In order to allow for greater transparency of the information disclosed, this report evidences the main risks detected from the evaluation and analysis on the part of the Group's management:

Risks related to the increase of the degree of competitiveness of the markets in which Ansaldo STS operates

The Signalling and Transportation Solutions markets, where the Group operates, are marked by rapid technological change and by a high level of business competition mostly among a limited number of great international industrial groups with size and financial resources that are significantly greater than those of the Group. In this regard, Ansaldo STS believes that one of the key factors to contend with competitors is technological innovation and a continuous focus on the efficiency of planning and realisation. In this regard, the Group's policy envisages constant investments in R&D activities, aiming at offering innovative high-technology products paired with projects for improving efficiency. The above does not exclude that in the future the Group may not be able to carry on this investment and innovation policy in a different way from its competitors. This, together with pressure on prices generated by the entry of new market participants, could lead to the deterioration of the Group's market position and consequent adverse effects on its activity, earnings, capital and financial position. In view of this uncertainty, the Group has defined a strategic plan on which the 2009-2012 guidelines supplied to the financial market are based; the plan is focused on market opportunities and on more efficient and integrated management of the Group.

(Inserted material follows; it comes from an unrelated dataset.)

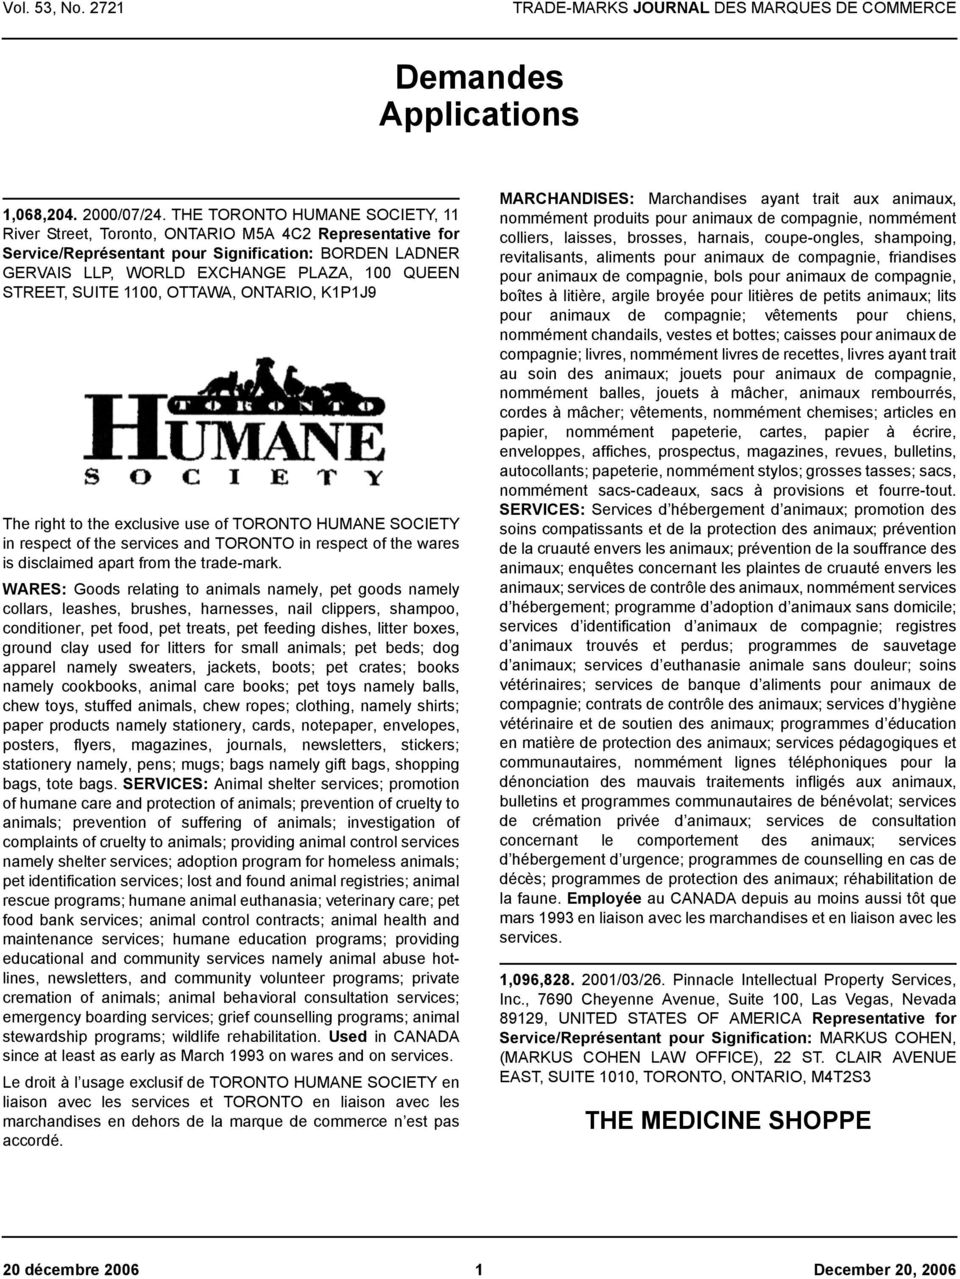 SUITE 1100, OTTAWA, ONTARIO, K1P1J9 The right to the exclusive use of TORONTO HUMANE SOCIETY in respect of the services and TORONTO in respect of the wares is disclaimed apart from the trade-mark.

Risks related to the international dimension of the Group's activity

The Group exercises its activity in different countries with a strategy aimed at intensifying its presence in international markets. This strategy, however, exposes the Group, in certain countries in which it operates or in which it intends to operate, to certain risks, including the risk of political, social and economic instability, hyper-inflation, changes in local regulations, difficulties in protecting intellectual property, fluctuation of exchange rates, and creditworthiness of counterparties. Such international expansion strategy, together with a dependence on customers subject to specific regulations or whose activity is conditioned by the policies of the state or public administrations or entities, exposes the Group to risks connected with the change in such regulations or policies, both in Italy, and in others countries, with consequent higher charges or limitations on its activity. In order to mitigate such risks, the Group maintains continuous analysis of the situation of the different countries in which it operates, through the stable presence of subsidiaries and with the support of local partners and consultants. The processes for bidding and managing long-term contracts take into account the aforementioned risks. The close working relationships that the Group manages to develop with public authorities that govern or influence the sectors of the Group's activity make it possible to monitor the risk related to regulatory changes.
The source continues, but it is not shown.